Mr Hawkins was admitted to Tameside General Hospital on 28 June 2006 to undergo surgery to repair a ruptured left Achilles tendon. Rupturing an Achilles tendon can tear it partially or completely, making walking difficult and the ankle feel weak. The surgery was listed for theatre in the afternoon under the care of an orthopaedic consultant surgeon, Mr Ebizie, but then postponed to the evening. My constituent believes that the most simple and sensible solution would have been to postpone it until the next day, allowing him to remain under the care of the same surgeon. He believes that that did not happen, however, because it would have meant the hospital missing its five-day Government target for a patient to receive treatment or surgery after attending accident and emergency. Records indicate that the surgery was instead carried out by Dr Manikanti, assisted by Mr Kumar. Mr Hawkins states that the change of surgeon was made without his knowledge or consent. Subsequently, both clinicians have left the hospital and the country, and the names and titles of those who carried out the surgery have been disputed.

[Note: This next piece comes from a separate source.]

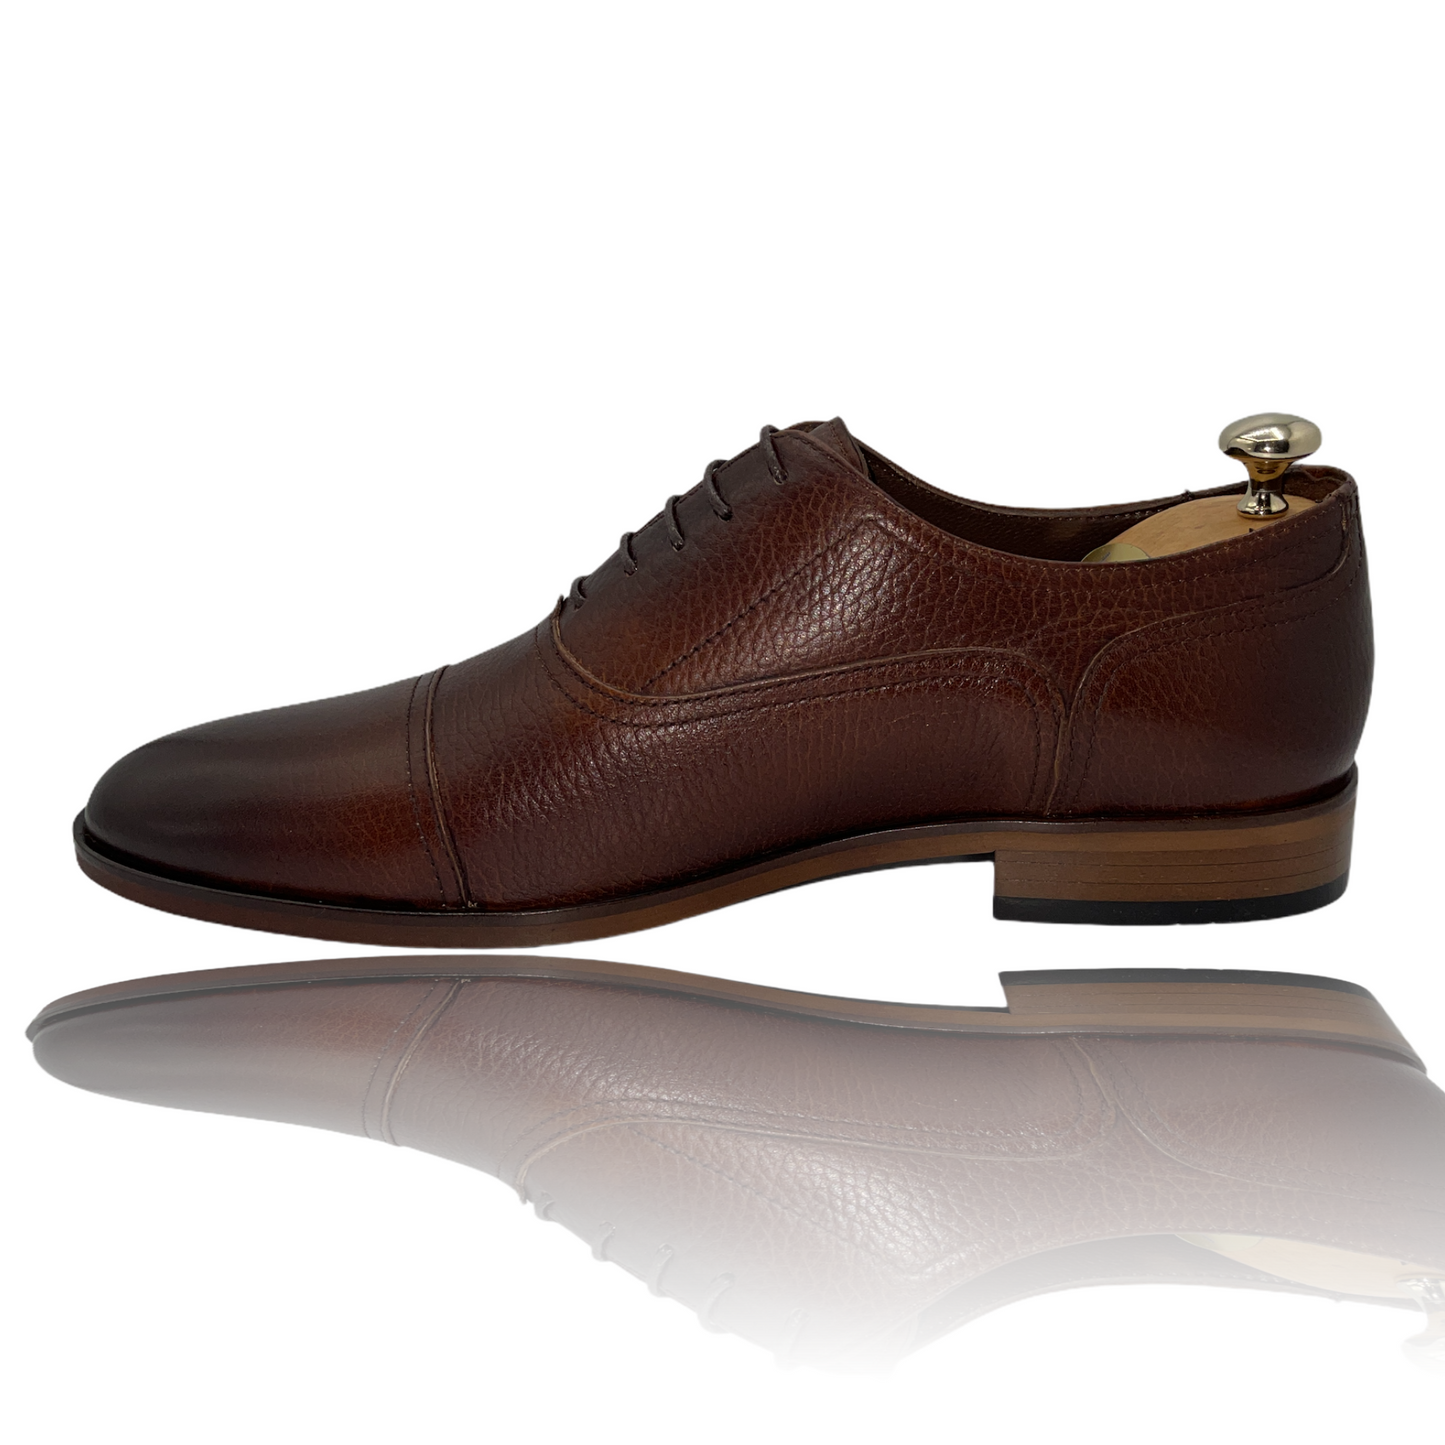 The Largo Brown Leather Cap Toe Oxford Shoe Final Sale!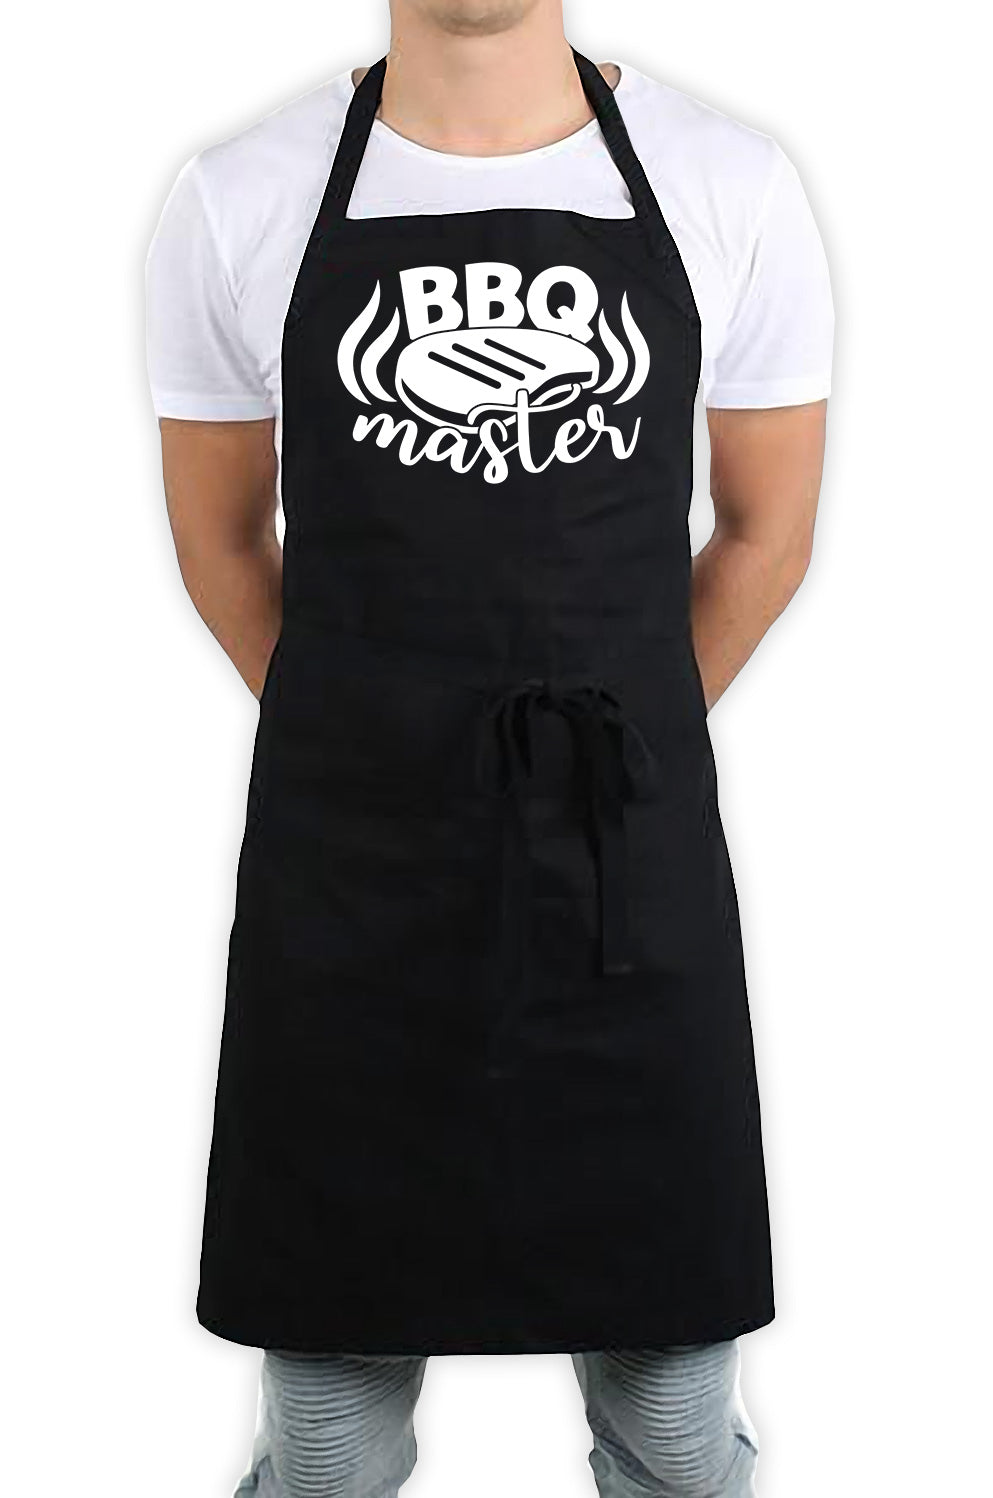 BBQ Master Funny Kitchen BBQ Apron Black

Mr Hawkins states that the surgeon made a critical clinical error. He believes that the surgeon misunderstood the positioning of the two diagonal sutures forming part of the modified Kessler suture. They were brought to the surface and closed, which permanently fixed the repaired Achilles tendon to the rear of his leg. On 7 July 2006, nine days after the surgery, the plaster cast was removed, revealing an open wound between the two sutures. Steri-strips were applied in an attempt to close the wound, but the duty consultant wrote in his records that the wound had healed very well after surgery. Mr Hawkins states that despite being aware of the error, the hospital failed to correct it by releasing the repaired tendon from the rear of his leg as soon as was medically possible. This allowed serious adhesion and tethering to form as the sutures disintegrated.
On 12 January 2007, Mr Hawkins was discharged from the care of Tameside Hospital. Throughout the previous months, the repaired Achilles tendon had been continually swollen because of the aggravation of the fixation. Mr Hawkins raised concerns, which were ignored. Weekly and monthly appointments at the hospital were required thereafter. Mr Hawkins believes that he was discharged by Tameside Hospital before he was clinically prepared and regardless of his condition. He feels that that was done to conform to Government targets.
Mr Hawkins immediately made a complaint through the hospital trust’s internal complaints procedures. He believes that on receipt of his letter of complaint, the trust should have called him in for an examination and a scan. It should have admitted that a serious problem had occurred and carried out a further operation to release the Achilles tendon from the rear of his leg. In Mr Hawkins’s mind, the matter would then have been resolved. However, the trust decided to take a different route: it instantly instructed Hempsons solicitors.
Although, obviously, Mr Hawkins is concerned about the clinical errors that have caused him lasting damage, he is rather more appalled by the actions of a variety of organisations afterwards. He believes that those actions were deliberately designed to cover up the fact that a clinical mistake had been made, caused primarily by the replacement of a consultant surgeon with a junior doctor.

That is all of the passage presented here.